Administrative and Finance Manager of Heavylift, informed respondent Ma. Dottie Galay,
Heavylift Insurance and Provisions Assistant, of her low performance rating and the negative
feedback from her team members regarding her work attitude. The letter also notified her that
she was being relieved of her other functions except the development of the new Access
program.
Subsequently, on August 16, 1999, Galay was terminated for alleged loss of confidence.
Thereafter, she filed with the Labor Arbiter a complaint for illegal dismissal and nonpayment of
service incentive leave and 13th month pay against petitioners.
Before the labor arbiter, petitioners alleged that Galay had an attitude problem and did not get
along with her co-employees for which she was constantly warned to improve. Petitioners aver
that Galays attitude resulted to the decline in the companys efficiency and productivity.

Issue:

Whether or not respondent Galay was illegaly dismissed.

Ruling:

An employee who cannot get along with his co-employees is detrimental to the company for he
can upset and strain the working environment. Without the necessary teamwork and synergy, the
organization cannot function well. Thus, management has the prerogative to take the necessary
action to correct the situation and protect its organization. When personal differences between
employees and management affect the work environment, the peace of the company is affected.
Thus, an employees attitude problem is a valid ground for his termination. It is a situation
analogous to loss of trust and confidence that must be duly proved by the employer. Similarly,
compliance with the twin requirement of notice and hearing must also be proven by the
employer.

However, we are not convinced that in the present case, petitioners have shown sufficiently clear
and convincing evidence to justify Galays termination. Though they are correct in saying that in
this case, proof beyond reasonable doubt is not required, still there must be substantial evidence
to support the termination on the ground of attitude. The mere mention of negative feedback
from her team members, and the letter dated February 23, 1999, are not proof of her attitude
problem. Likewise, her failure to refute petitioners allegations of her negative attitude does not
amount to admission. Technical rules of procedure are not binding in labor cases. Besides, the
burden of proof is not on the employee but on the employer who must affirmatively show
adequate evidence that the dismissal was for justifiable cause.

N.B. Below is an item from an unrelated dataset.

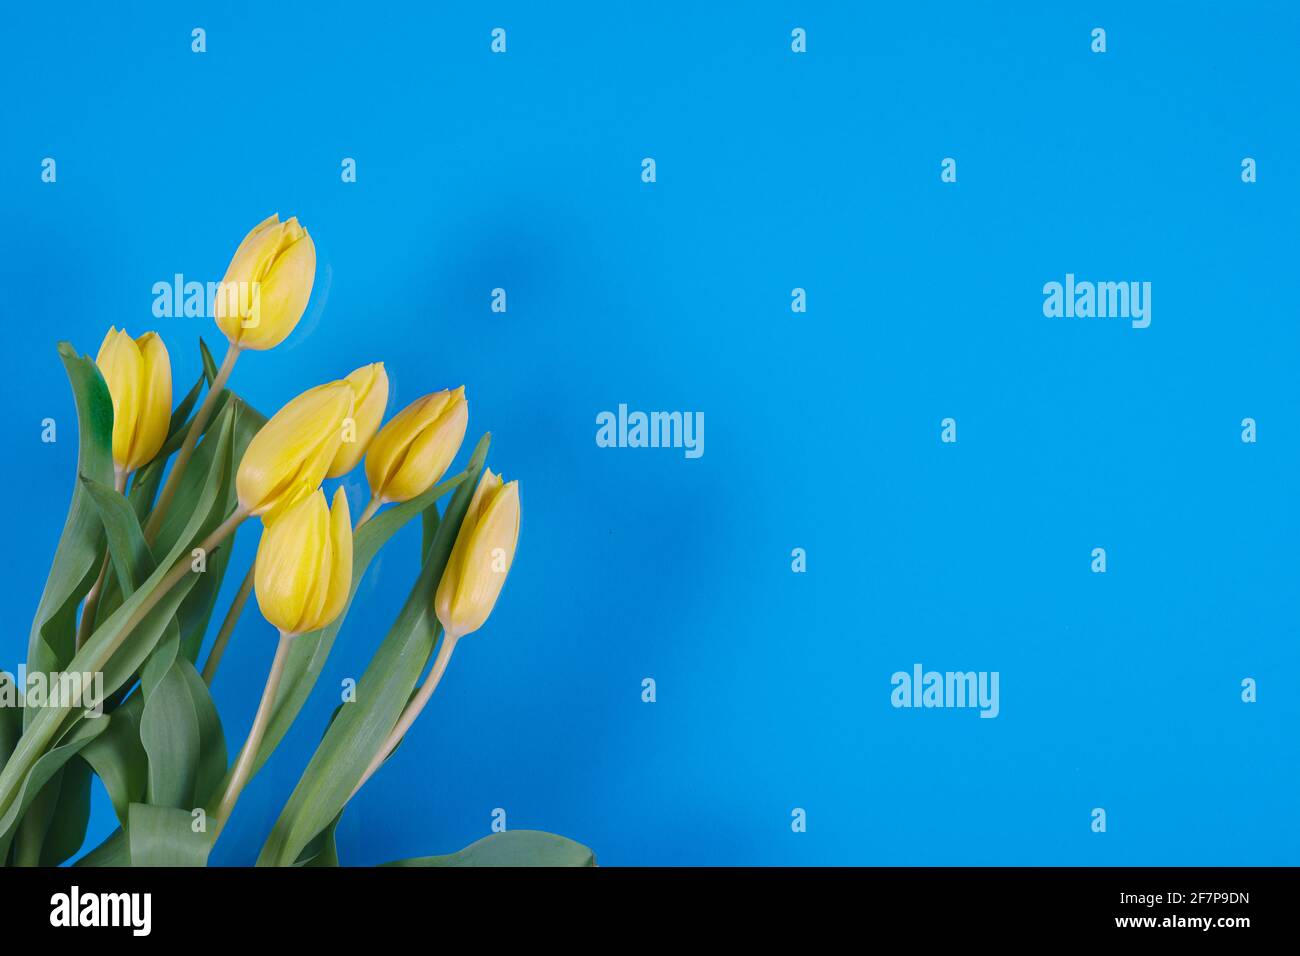 Tulips flowers on a color background High Quality Photo Stock Photo

In our view, neither does the February 23, 1999 letter constitute the required notice. The letter
did not inform her of the specific acts complained of and their corresponding penalty. The law
requires the employer to give the worker to be dismissed two written notices before terminating
his employment, namely, (1) a notice which apprises the employee of the particular acts or
omissions for which his dismissal is sought; and (2) the subsequent notice which informs the
employee of the employers decision to dismiss him. Additionally, the letter never gave
respondent Galay an opportunity to explain herself, hence denying her due process.

In sum, we find that Galay was illegally dismissed, because petitioners failed to show adequately
that a valid cause for terminating respondent exists, and because petitioners failed to comply
with the twin requirement of notice and hearing.